[Information shown]

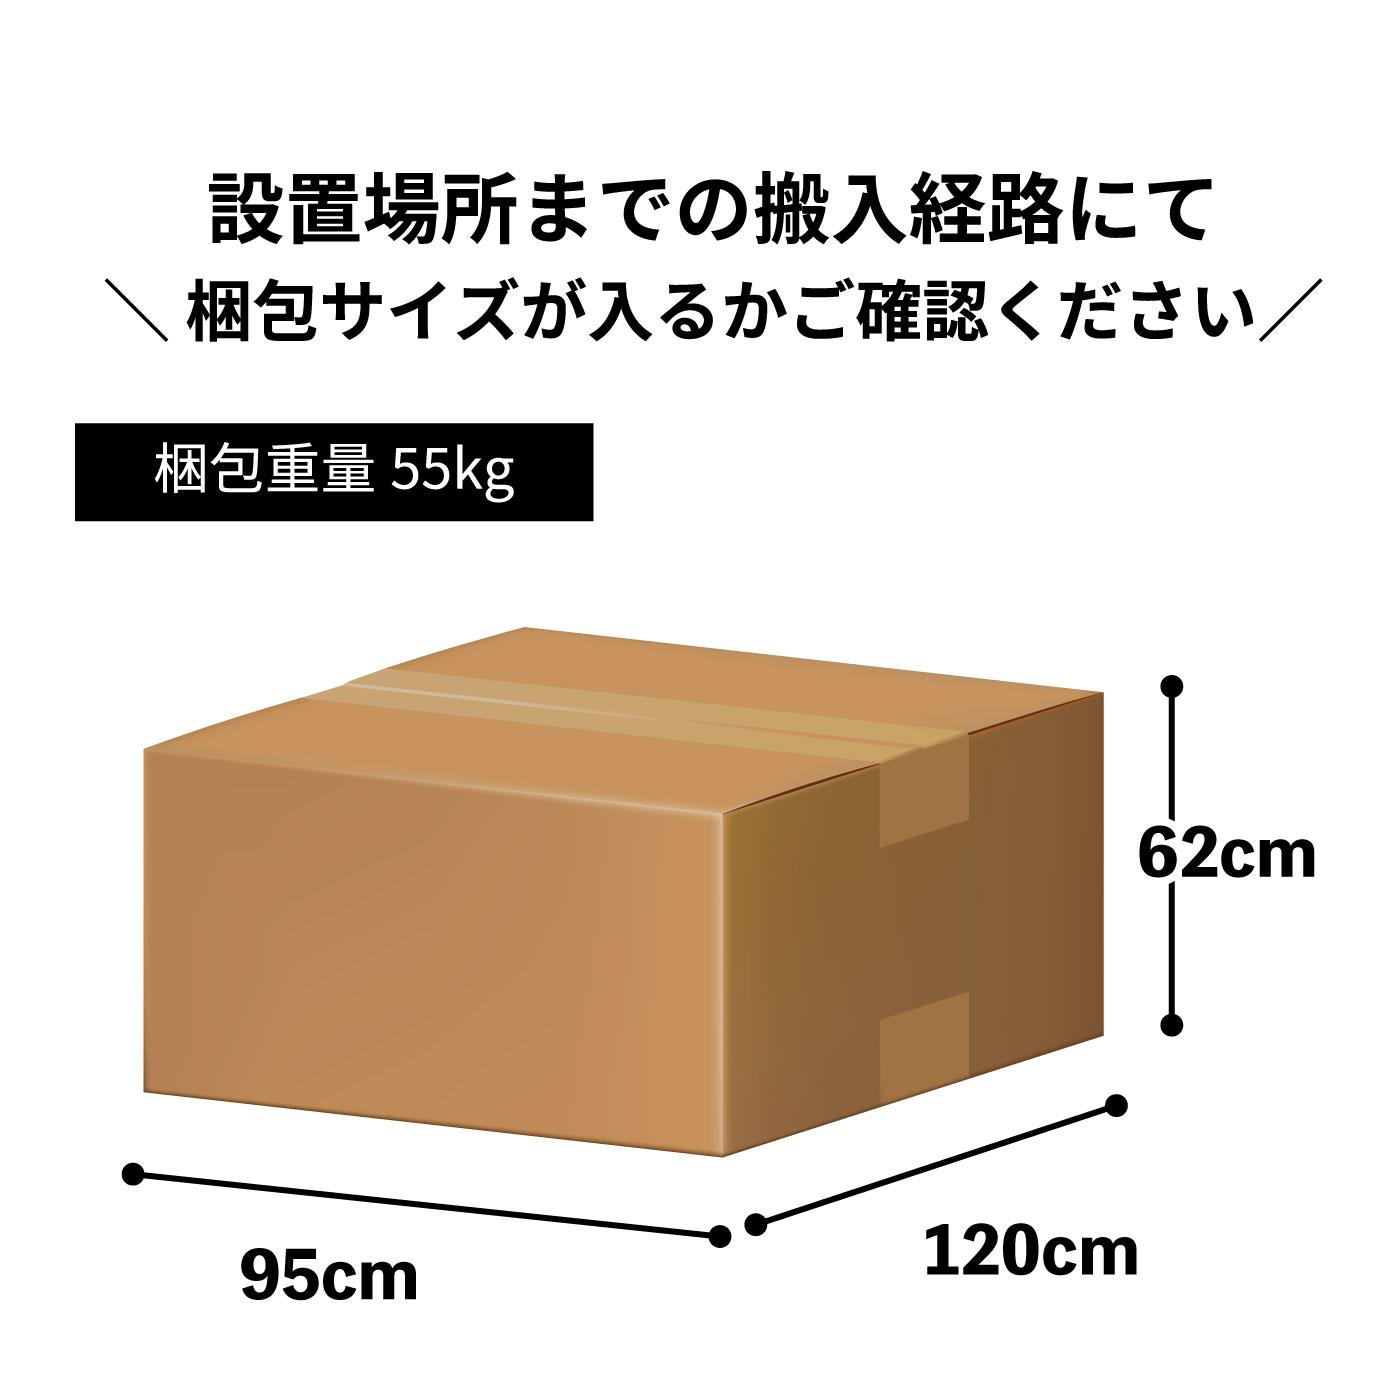 DK-1208の梱包サイズ
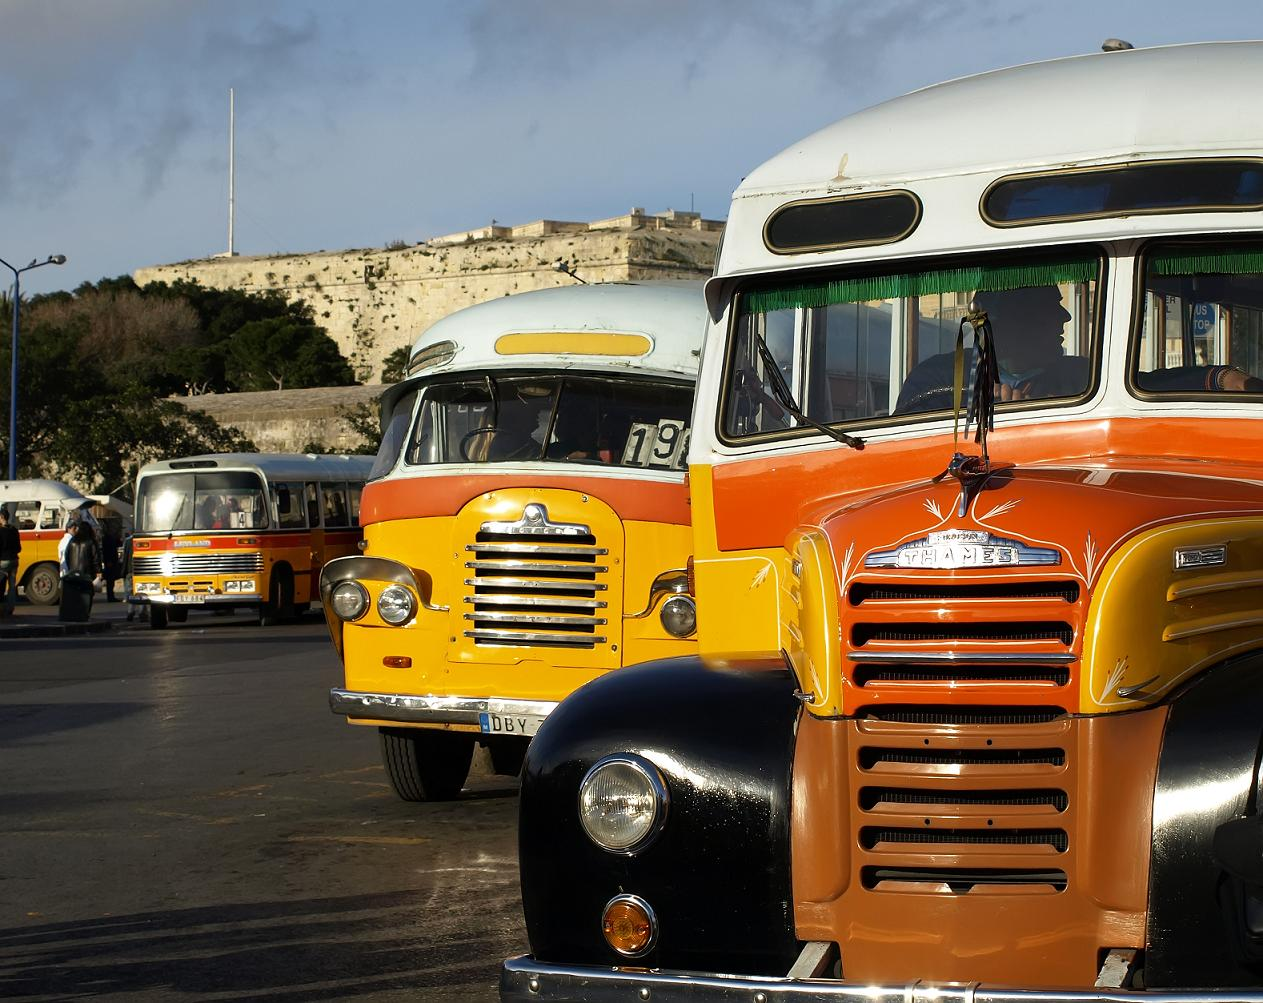 Аренда автомобиля на Мальте – Арриво
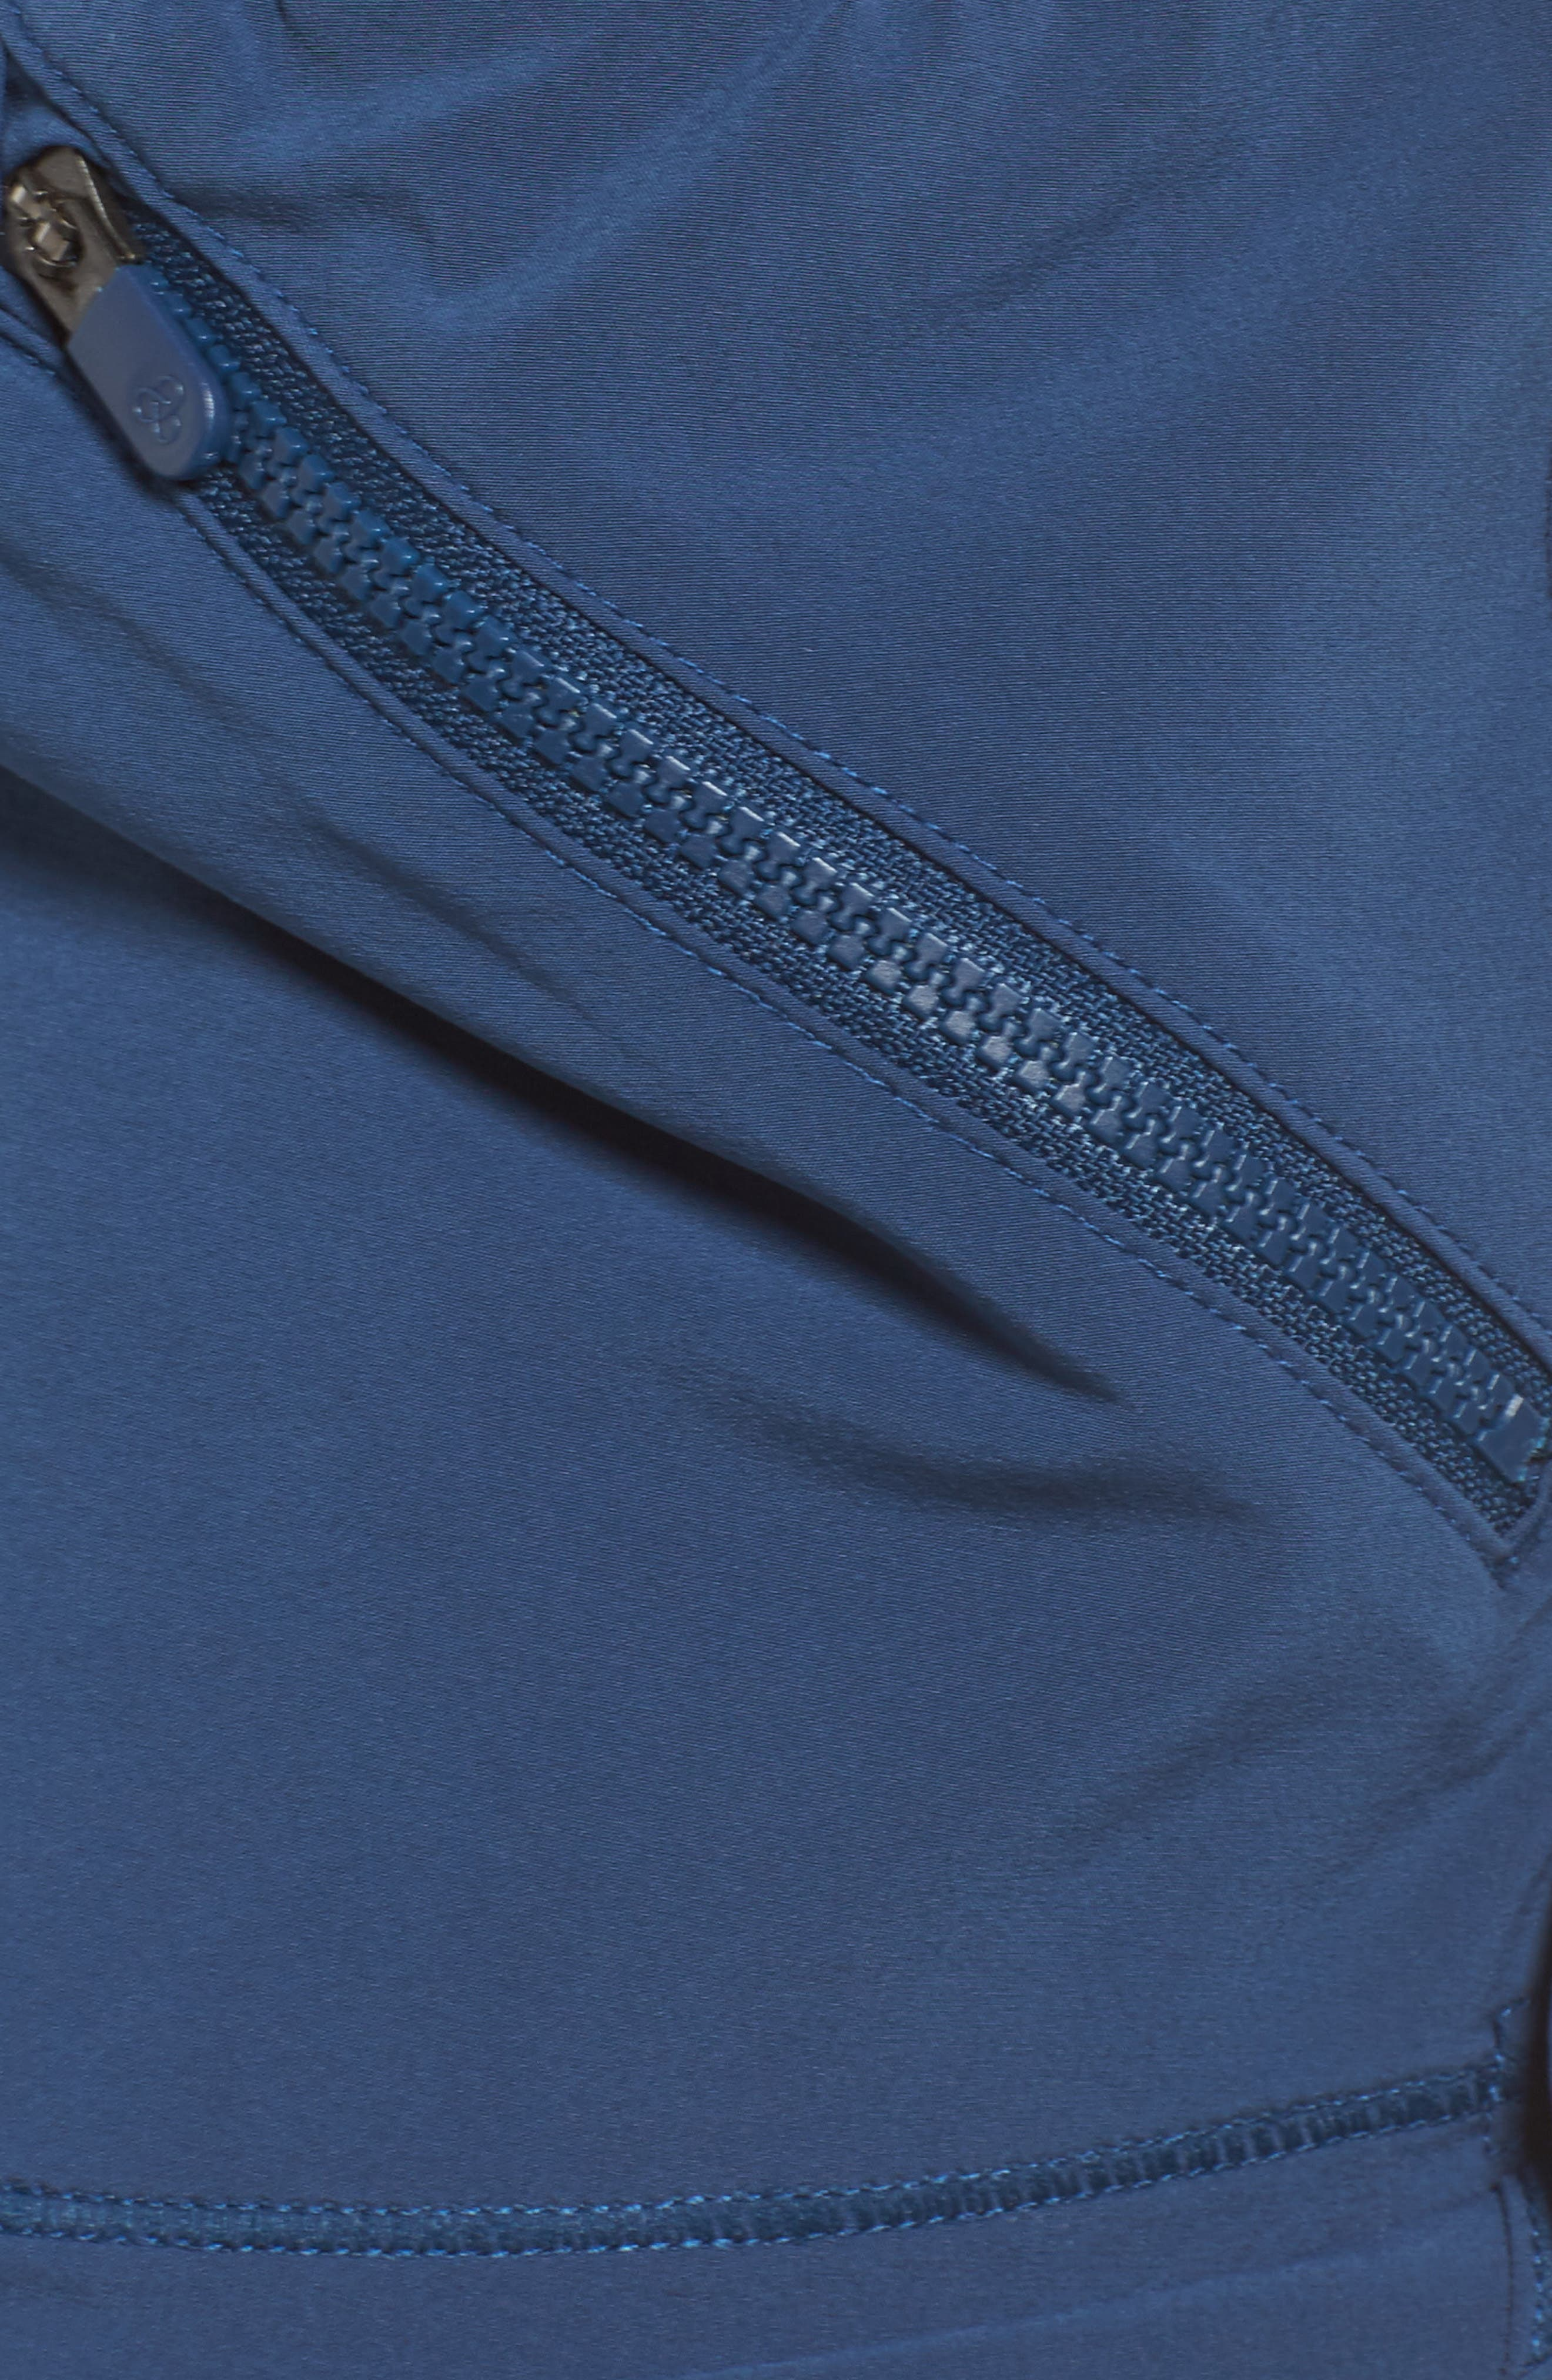 Switchback Shorts,                             Alternate thumbnail 40, color,
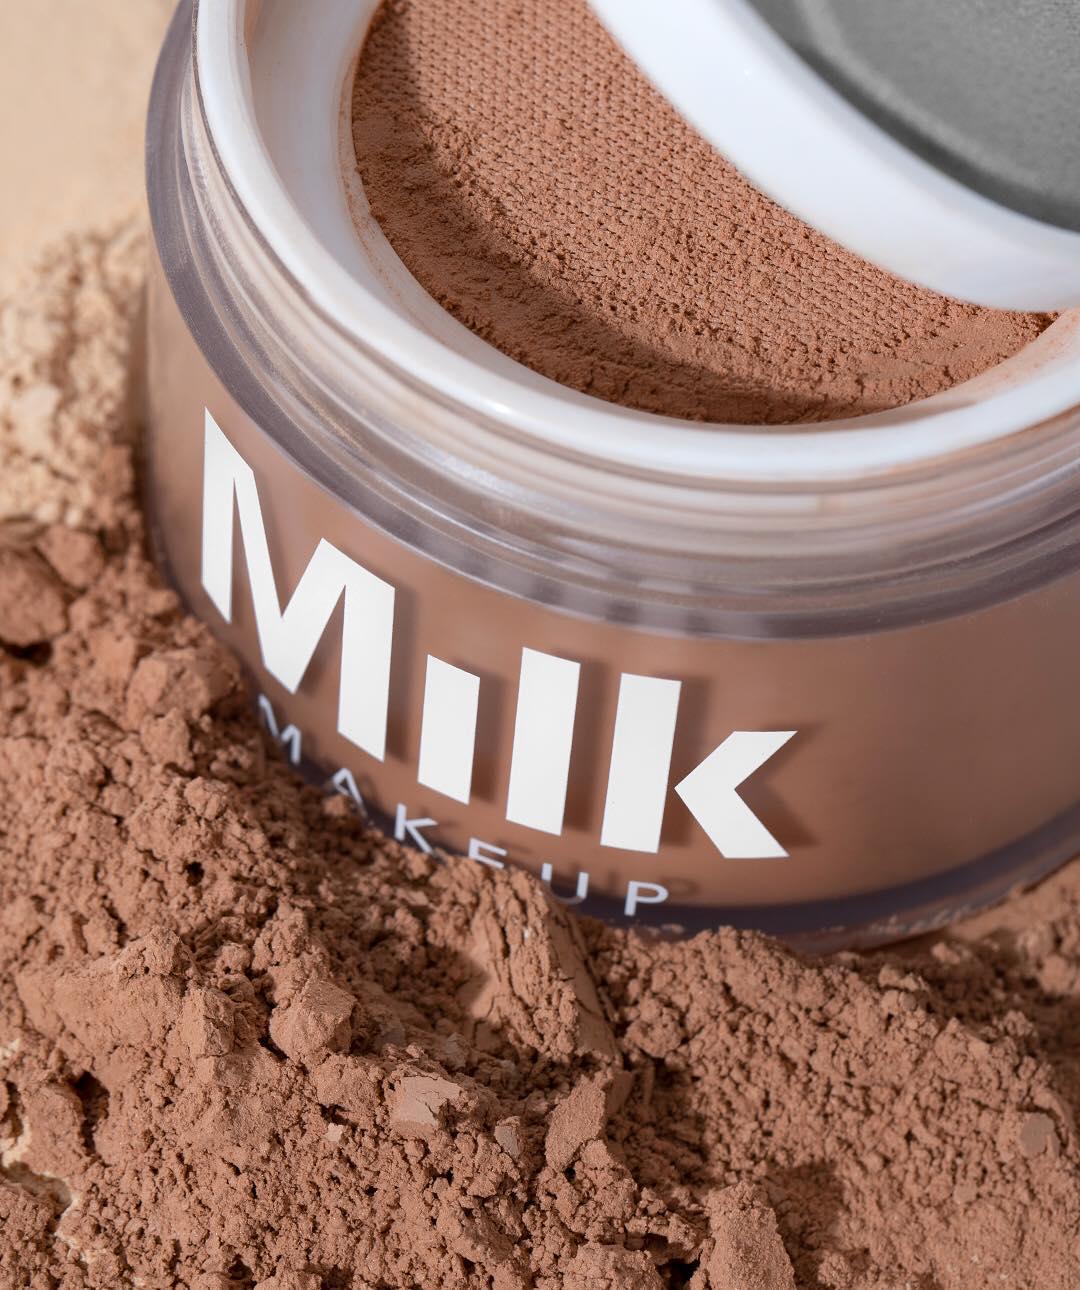 Blur + Set Matte Loose Setting Powder by Milk Makeup #14

[/Information shown]

# [Your objective]
An exact repeat of the listing above, pictures excluded, is the answer.

# [Response]
 DK-1208の梱包サイズ
 Аренда автомобиля на Мальте – Арриво
 Switchback Shorts,                             Alternate thumbnail 40, color,
 Blur + Set Matte Loose Setting Powder by Milk Makeup #14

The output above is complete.